Introduction Stem cell collection after 4–8 cycles of induction therapy remains standard for multiple myeloma (MM), supporting autologous stem cell rescue/transplantation (ASCT) following high-dose melphalan. The recent growth of cell therapy and CAR-T programs has increased pressure on apheresis capacity, heightening the need for efficient mobilization—particularly for patients with prior drug exposure known to compromise stem cell yield.

Motixafortide, a long-acting CXCR4 inhibitor (≥72 hours receptor occupancy vs. plerixafor's 6–12 hours), was FDA-approved in 2023 for use with G-CSF in MM mobilization. However, no head-to-head comparison with plerixafor has been published. At our institution, a real-world analysis (30 MM patients per cohort) compared G-CSF plus motixafortide (prospectively) against G-CSF plus plerixafor (retrospectively, matched by age, gender, race, and IMiD/daratumumab exposure). There were no significant differences in overall mobilization, collection, or apheresis outcomes. Subgroup analysis suggested that patients with low peripheral blood CD34+ counts (pbCD34 ≤ 5/μL on Day 4 of G-CSF) may achieve a greater rise in CD34+ counts after motixafortide, raising the hypothesis that it may benefit “poor mobilizers.”

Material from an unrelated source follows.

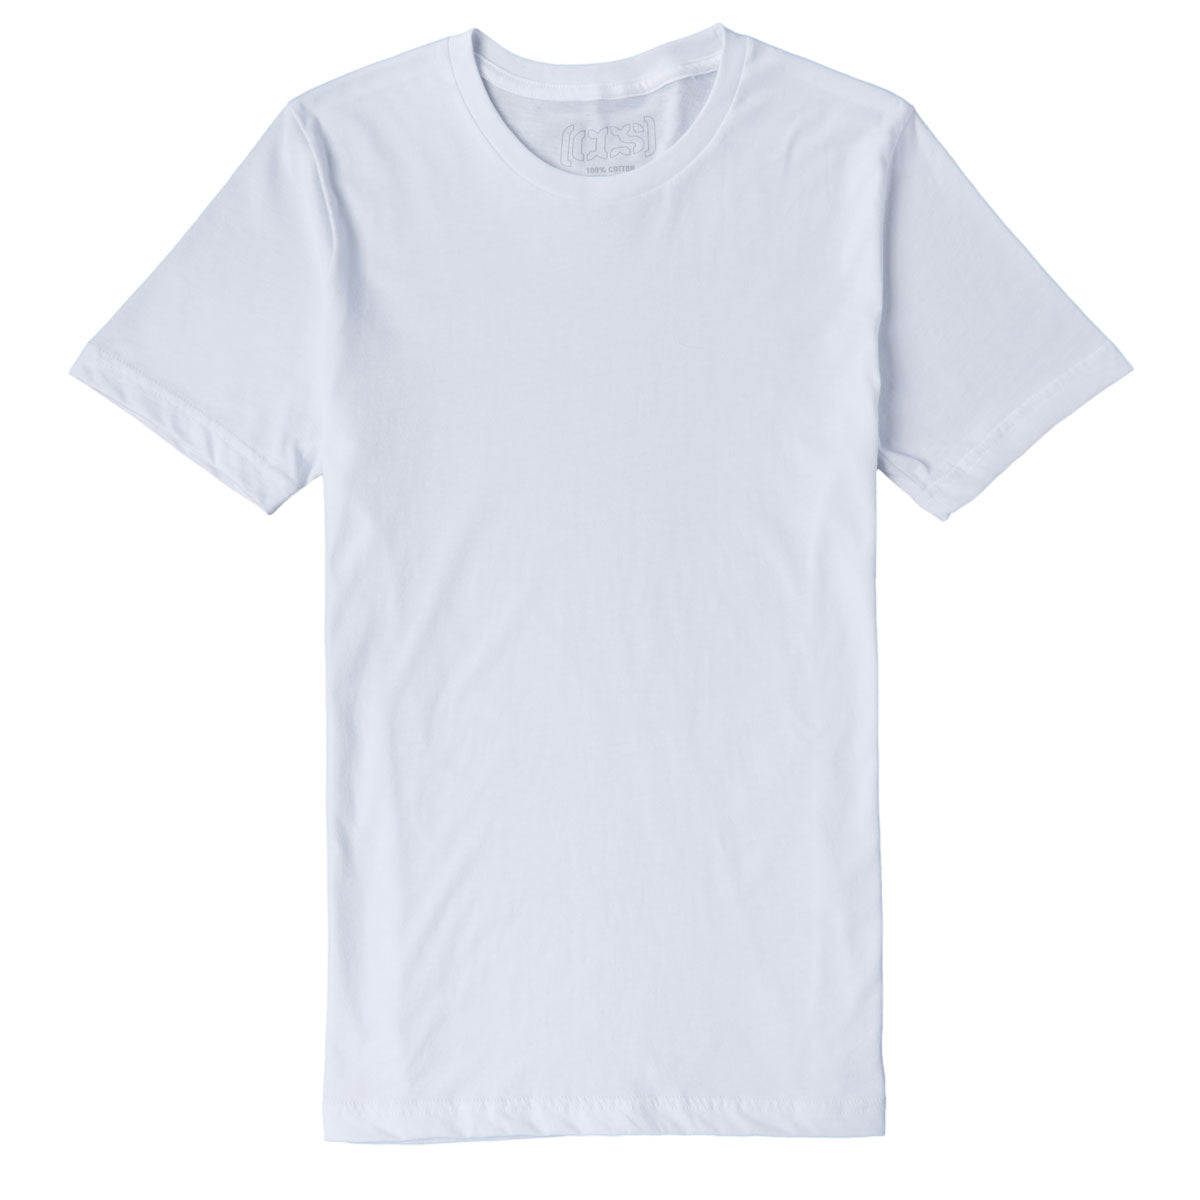 CCS Basis T-Shirt - White image 1

We initiated a prospective study to characterize motixafortide efficacy in poor mobilizers (defined as pbCD34+ ≤ 2/μL after 4 days of G-CSF). This interim analysis compares prospective outcomes with motixafortide to a contemporary plerixafor-treated comparator group.

Methods Cohorts in the real-world analysis were matched by demographics and prior drugs (n=30 each). Primary outcomes were number of apheresis/collection days, session duration, and adverse reactions requiring medical intervention. For the prospective poor mobilizer study, motixafortide was selectively administered to MM patients (n=9, target n=20) meeting the strict pbCD34+ ≤ 2/μL criterion after 4 G-CSF days. A contemporaneous comparator group of 36 similar MM patients treated with plerixafor was identified retrospectively by the same criterion. Outcomes included fold-increase in pbCD34+ (pre-injection vs. pre-apheresis), total CD34+ collection yield, and safety. Statistical analysis used the Mann-Whitney and Student's t-test (p < 0.05).

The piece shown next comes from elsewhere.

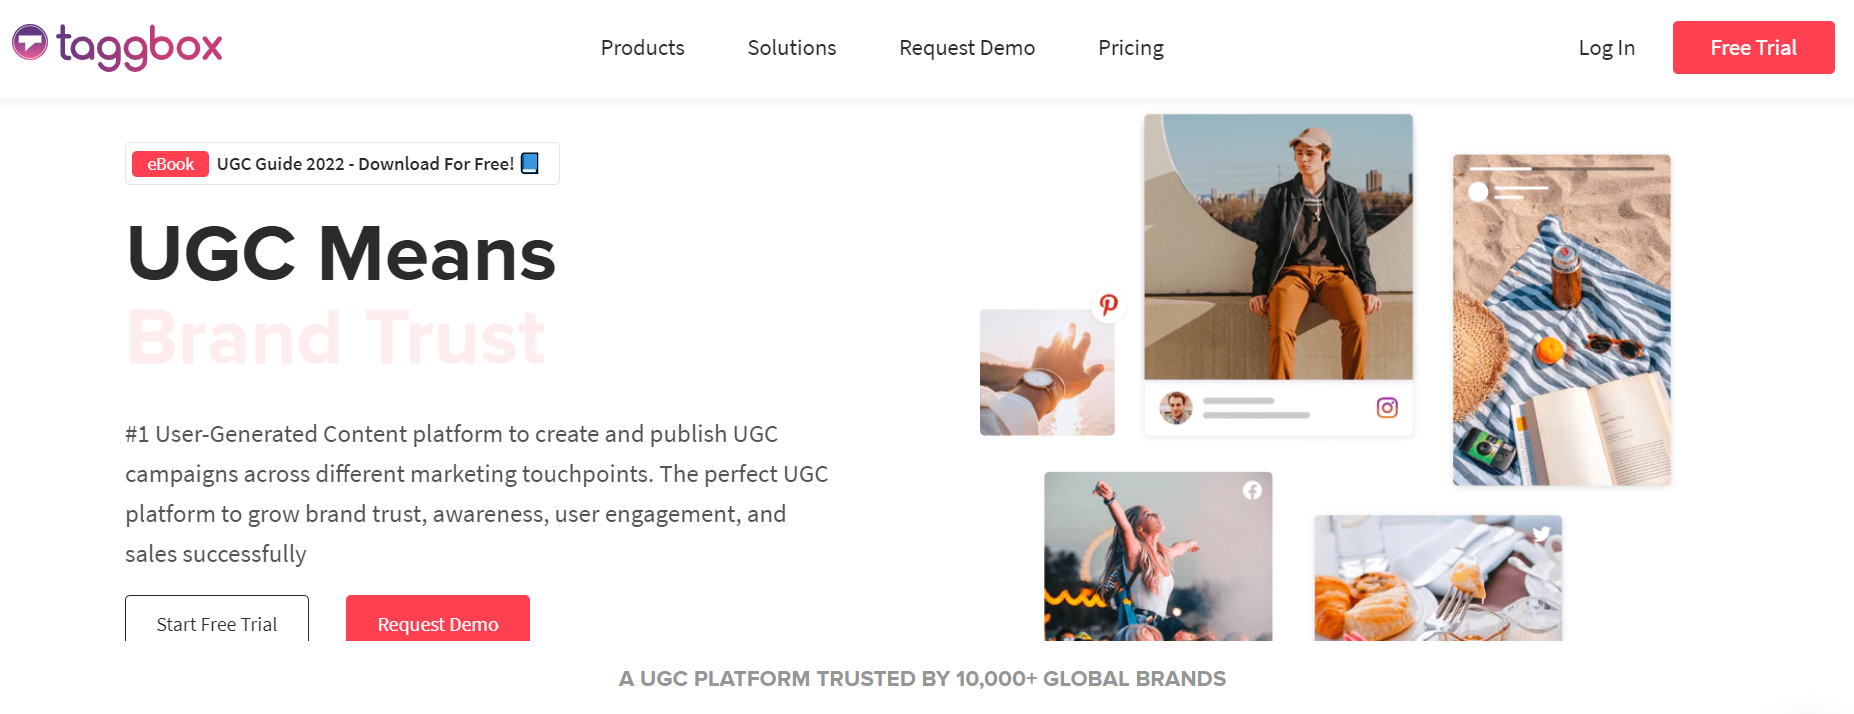 Taggbox homepage: UGC Means Brand Trust

Results In the initial real-world comparison, G-CSF plus motixafortide and G-CSF plus plerixafor were associated with similar increases in pbCD34+, CD34+ yield, apheresis duration, and collection efficiency. Among poor mobilizers (Day 4 CD34+≤ 5/μL), there was a trend toward higher fold-increase with motixafortide, limited by sample size.

In our prospective poor mobilizer cohort (n=9 motixafortide, n=36 plerixafor), motixafortide plus G-CSF produced a significantly greater fold-increase in pbCD34+ (21.6 vs 9.1, p = 6.8 x 10^-4) and higher median Day 1 CD34+ yield (4.12 vs 2.09 million CD34+ cells/kg, p = 5.5 x 10^-4). Patients receiving motixafortide generally reached collection targets faster.

However, adverse reactions were frequent with motixafortide: seven of nine had significant injection site pain, with nearly half requiring intravenous medications or hospitalization for management. Symptoms typically improved within 24h and no life-threatening events were observed.

Conclusions Our prior single-institution real-world comparative analysis did not demonstrate a significant overall benefit of motixafortide compared to plerixafor for unselected MM patients undergoing stem cell mobilization and collection. However, this interim analysis of our ongoing prospective study of “poor mobilizers” suggests that motixafortide may be more efficacious than plerixafor in this subgroup of patients based on fold-increase in pCD34, median stem cells collected in the first day of apheresis, and overall apheresis chair days required to target. Importantly, motixafortide use was associated with a higher frequency and persistence of adverse reactions. Additional data and further demographic matching (i.e., race, previous drug exposure) are under collection to better elucidate motixafortide's efficacy in this population. Full analysis including individual apheresis yields and total collection outcomes is in process. These data will inform future risk-benefit assessments of motixafortide use and help optimize treatment regimens in MM patients who mobilize poorly to initial G-CSF doses.